155 yıllık mazisinde görev alanlarından birisinin de “Afet Yönetimi” olduğu kurumun başkanı; felaket anında ve insanların barınma ihtiyacı olduğu bir dönemi anlatırken, rahatlıkla “çadır stoklanmasının ve bunun ticari faaliyete konu olmasının hiçbir sorun oluşturmadığını” açıklarken, bunda benim suçum var mı?
Ülkenin lideri ve ittifakının en önemli destekçisi siyasi liderlerin “namussuz, adi, alçak, sefil, hain” vb. kelimeleri vatandaşlara rahatlıkla sarf etmesinde benim bir kabahatim var mı? Bu rahatlığı nereden buluyorlar?
Ülkenin din işlerinden sorumlu yüksek kurumunun; depremzede çocukların evlatlık alınmasına dair görüşü sorulduğunda, üzerine bir de “Evlat edinenle evlatlık arasında evlenme engeli yoktur” şeklinde -sorulmadığı halde- görüş beyan etmesinde benim duruşumun bir etkisi var mı?
Bütün bu sorulara yönelik “iyi de; bunları ben desteklemiyorum ki?

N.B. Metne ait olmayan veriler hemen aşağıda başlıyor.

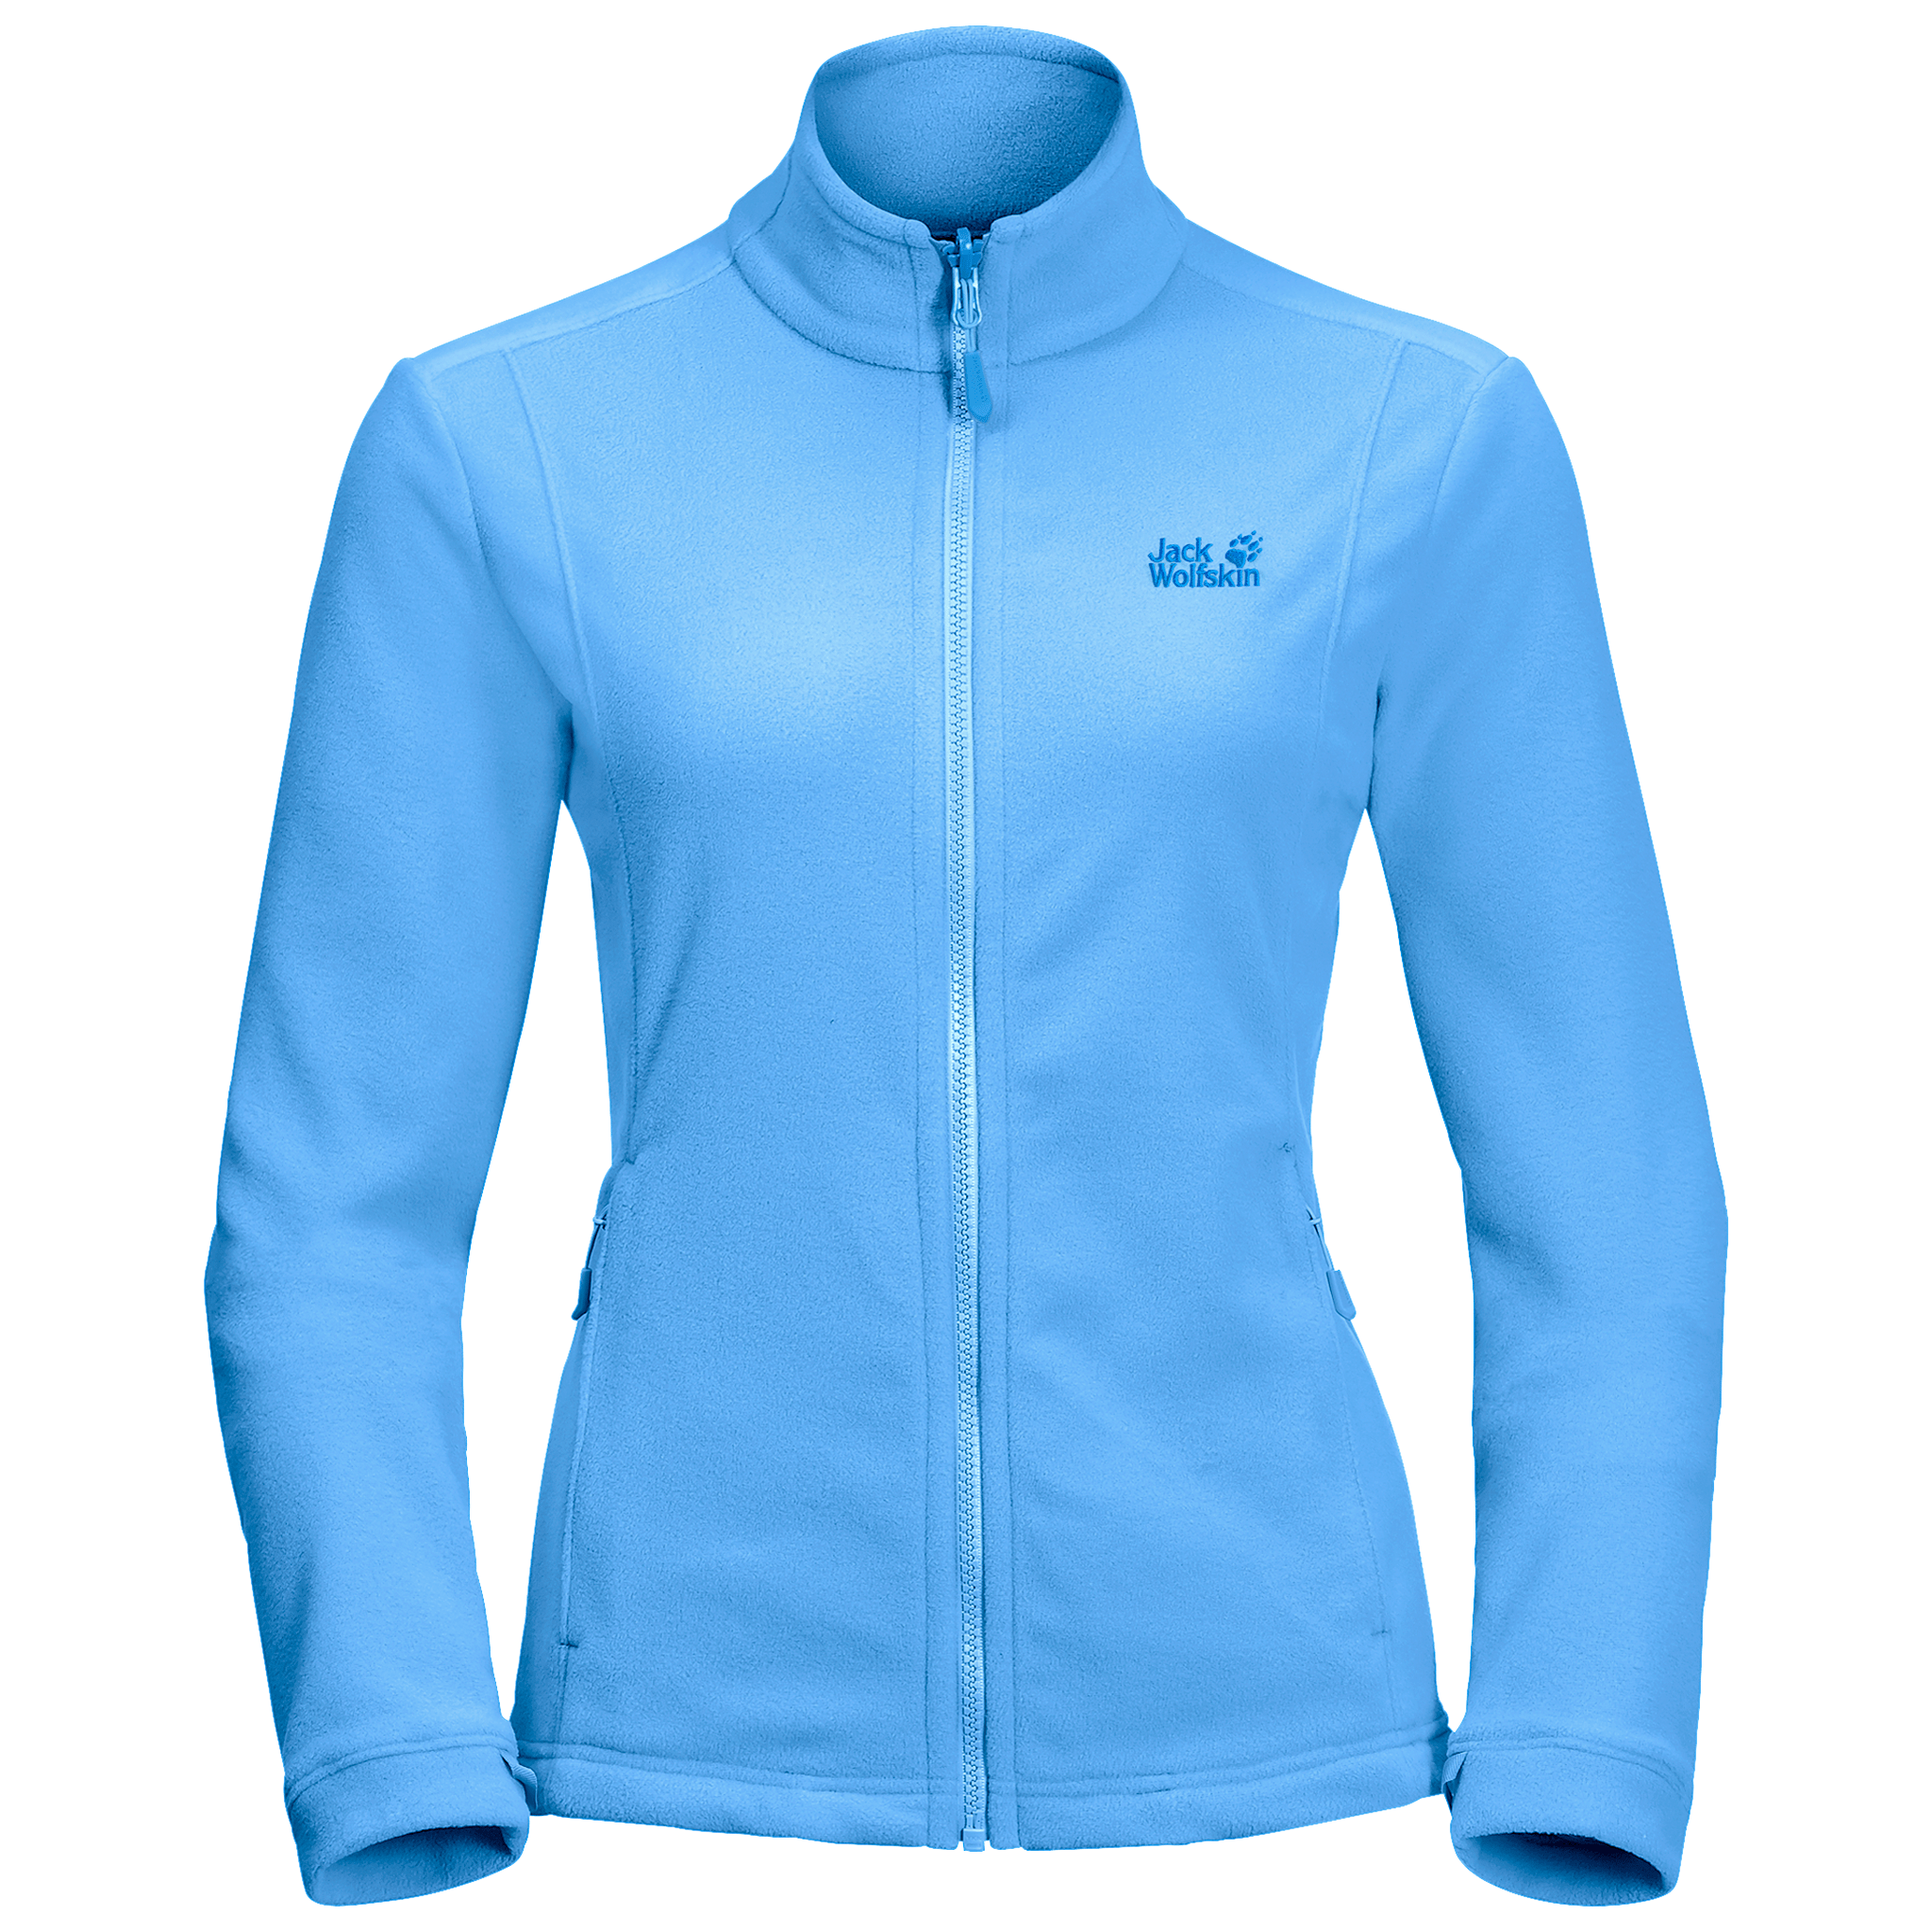 Misty Blue Lightweight Fleece Jacket

Ayrıca ben ne yapabilirim?” çıkışlarını yapıyorsak eğer Almanya ile aramızdaki fark nereden geliyor?
“Milli İrade” farkı diyebiliriz. Almanya’da da, Türkiye’de de milli irade çok güçlü. Hatta Almanya’nın bizi “kıskanabileceği” kadar yüksek bir milli irade gücü var galiba… “Halk Egemenliği” olan bir ülkede, yukarıda bahsettiğim olaylar bu kadar rahat gerçekleşiyorsa aklıma başka bir ihtimal gelmiyor.